Début septembre, le Tribunal administratif du travail a ordonné à McGill d’arrêter d’interférer avec les actions de l’AMPD, après que des courriels aient été envoyés à ses représentants, remettant en question la crédibilité du syndicat, juste avant la réunion cruciale pendant laquelle les membres de l’AMPD devaient voter le début de la grève. Ces courriels de McGill ont été interprétés comme de l’intimidation par l’AMPD. Cité dans un article de CBC/Radio-Canada publié le 2 septembre, Richard Janda, secrétaire et négociateur en chef de l’AMPD, qualifie la déclaration du tribunal comme un « retournement de situation remarquable (tdlr) », et comme la première décision officielle qui montre que « l’Université agit de manière antisyndicale et contre la loi ».
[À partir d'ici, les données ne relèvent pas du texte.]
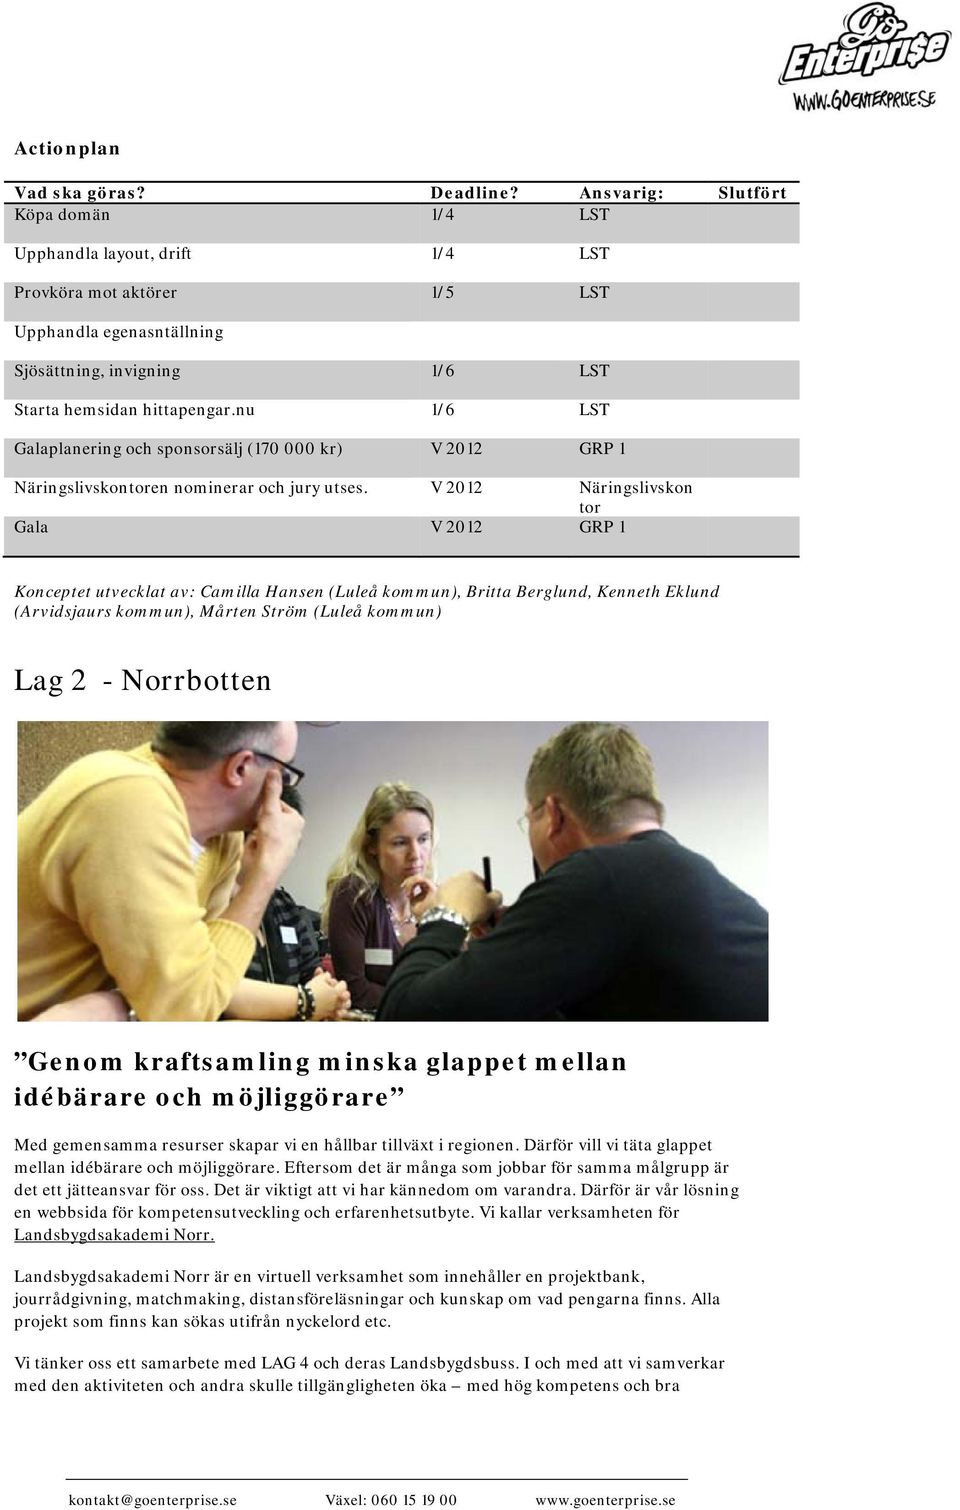 V 2012 Näringslivskon tor Gala V 2012 GRP 1 Konceptet utvecklat av: Camilla Hansen (Luleå kommun), Britta Berglund, Kenneth Eklund (Arvidsjaurs kommun), Mårten Ström (Luleå kommun) Lag 2 - Norrbotten
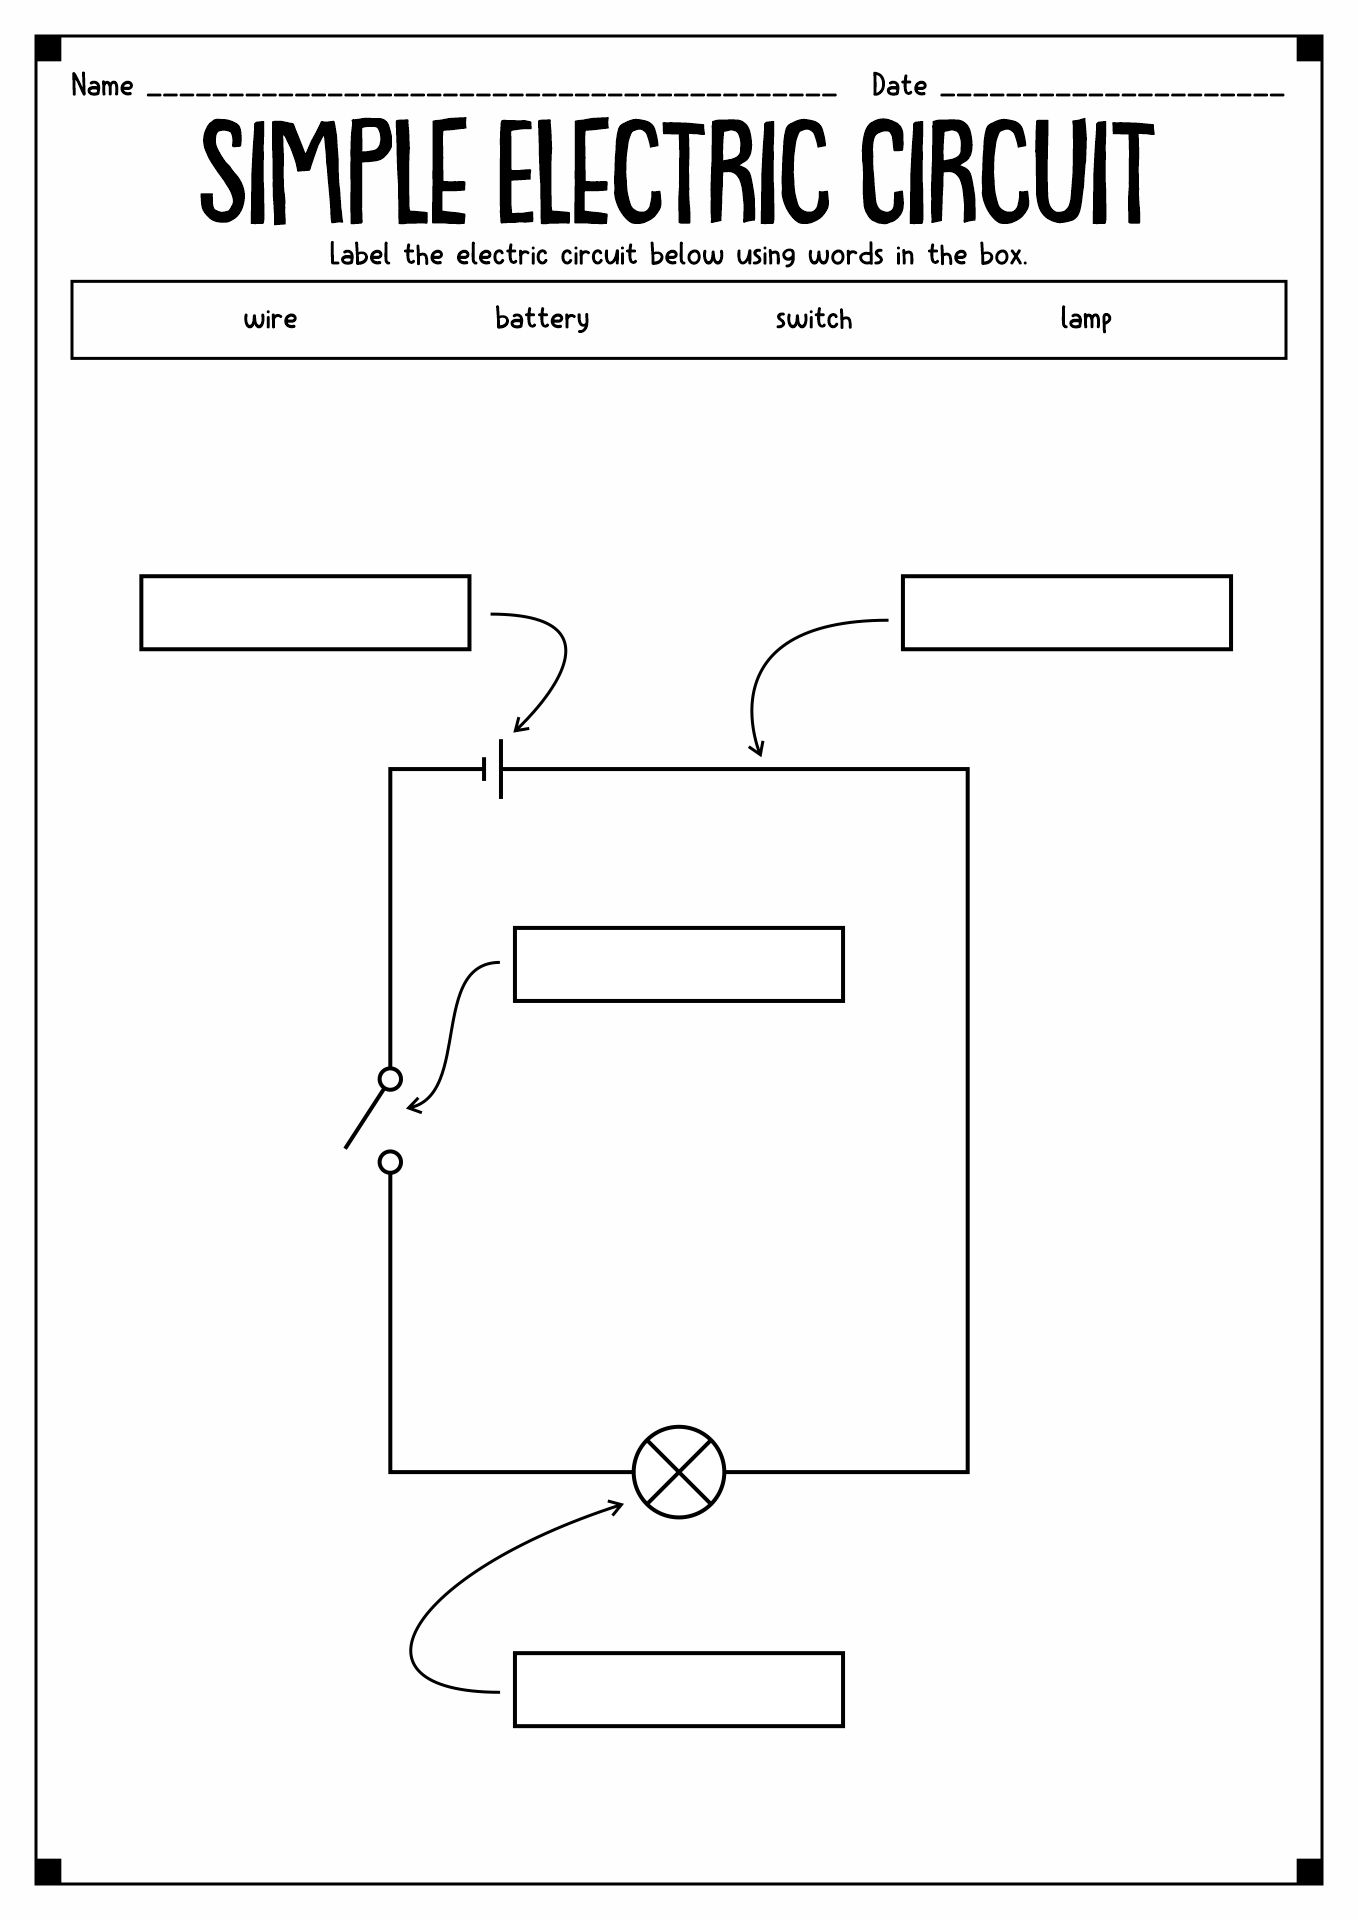 Simple Circuit Worksheet Image

Quelles conséquences pour les élèves ? 

Il est important de comprendre que la grève de l’AMPD est totale et d’une durée indéterminée. Les professeurs, ainsi qu’une majorité d’auxiliaires d’enseignement, n’assureront pas leurs cours jusqu’à nouvel ordre. Anker confirme qu’il n’y a aucun moyen pour les élèves de suivre les cours de droit, et explique que l’AMPD estime que c’est la seule façon d’exercer une véritable pression sur McGill. Les professeurs s’engagent également dans des lignes de piquetage autour de la faculté de droit, rendant l’accès au bâtiment ardu. Les élèves sont obligés de suivre des cours dans d’autres matières, qui vérifient ou non les prérequis de leur diplôme. Certains élèves, relate Anker, se sont organisés pour différer le paiement de leurs frais de scolarité jusqu’à ce que les cours reprennent, refusant de payer pour des cours non offerts. La situation trouvera sa fin si McGill accepte les conditions de l’AMPD, souligne Anker, ou si la procédure d’arbitrage engagée par McGill se déroule bel et bien, faisant perdre à l’AMPD son droit de grève.